No further effects on hematology parameters were noted in males or females at any dose level.

 

At the dose level of 1000 mg/kg bw/day, increased activity of alanine aminotransferase was noted in males and females and increased concentration of glucose noted in females. These findings were considered to be test item-related.

 

No further effects on biochemistry parameters were noted in males or females at any dose level.

 

REPRODUCTION AND BREEDING DATA OF PARENTAL ANIMALS

 

Mating performance, fertility, number of corpora lutea, duration of gestation, implantation rate and post-implantation loss, litter size and postnatal loss were not affected by the treatment with the test item any dose level.

 

ORGAN WEIGHTS OF PARENTAL ANIMALS

 

At the dose level of 1000 mg/kg bw/day in males, higher weights of thymus, kidneys and spleen were noted. In females at the high dose level increased weights of liver, kidneys and spleen were noted. These changes were considered to be test item-related.

 

No further test item-related effects on organ weights were noted in males or females at any dose level.

 

MACROSCOPICAL FINDINGS AND HISTOPATHOLOGICAL EXAMINATIONS OF PARENTAL ANIMALS

 

Type and distribution of findings recorded during necropsy did not indicate any test item-related effect in males or females.

 

Under the conditions of this experiment, Granofin Easy F-90 led to morphological changes in liver, stomach, spleen and kidney. Findings in the liver (increased incidence of hepatic inflammatory cell foci) were recorded at the dose levels of 1000, 300 and 100 mg/kg bw/day in males and at the dose levels of 1000 and 300 mg/kg bw/day in females. These findings were considered to be adverse.

 

Findings in the stomach (increased incidence and/or severity of submucosal inflammatory infiltrate, mucosal inflammatory foci, mucosal erosions, acanthosis/hyperkeratosis of the limiting ridge and mucosal ulceration) were recorded at the dose levels of 1000, 300 and 100 mg/kg bw/day in males and at the dose levels of 1000 and 300 mg/kg bw/day in females. These findings were considered to reflect a local irritant action and to represent a portal of entry effect; an effect unrelated to systemic effects.

 

Increased incidence and/or mean severity of extramedullary hemopoiesiswere recorded at the dose level of 1000 mg/kg bw/day in males and at the dose levels of 1000 and 300 mg/kg bw/day in females.

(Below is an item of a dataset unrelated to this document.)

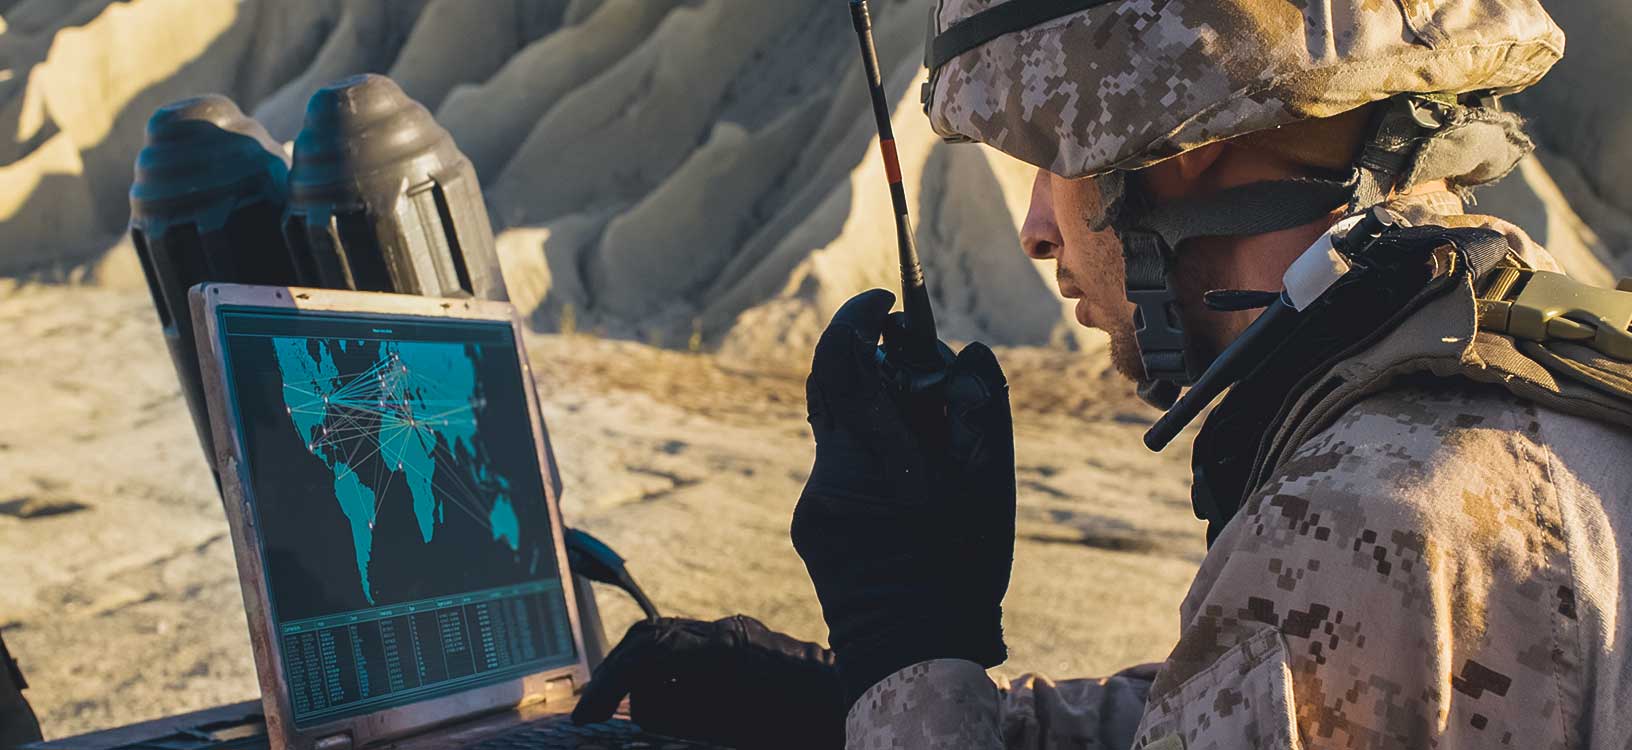 Um soldado está usando um notebook e rádio para se comunicar durante um operação militar no deserto

The cause for the finding in the spleen was unclear. It was considered to probably represent an adaptation to an increased demand in erythrocytes and was considered to be reversible.

 

Finding in the kidneys (renal tubular vacuolation of mainly cortical tubules) recorded in females at the dose level of 1000 mg/kg bw/day was considered to represent an adaptive change and to be reversible.

 

FINDINGS IN PUPS AT FIRST LITTER CHECK AND DURING LACTATION

 

No test item-related findings were noted in pups during first litter check and during lactation in any dose group.

 

Pup sex ratio was not affected by the exposure to the test item at any dose level.

 

BODY WEIGHTS OF PUPS TO DAY 4 POST PARTUM

 

Body Weights and body weight gain of pups were not affected by the treatment with the test item at any dose level.

 

MACROSCOPICAL FINDINGS OF PUPS

 

No test item-related findings were noted at macroscopic examination of pups in any dose group.

 

CONCLUSION

Based on these results, no NOAEL (No Observed Adverse Effect Level) for general toxicity was established in males due to findings in the liver noted down to the low-dose level. NOAEL in females was established at the dose level of 100 mg/kg bw/day.

 

The NOEL (No Observed Effect Level) for reproduction and developmental toxicity was considered to be 1000 mg/kg bw/day, the highest dose level used.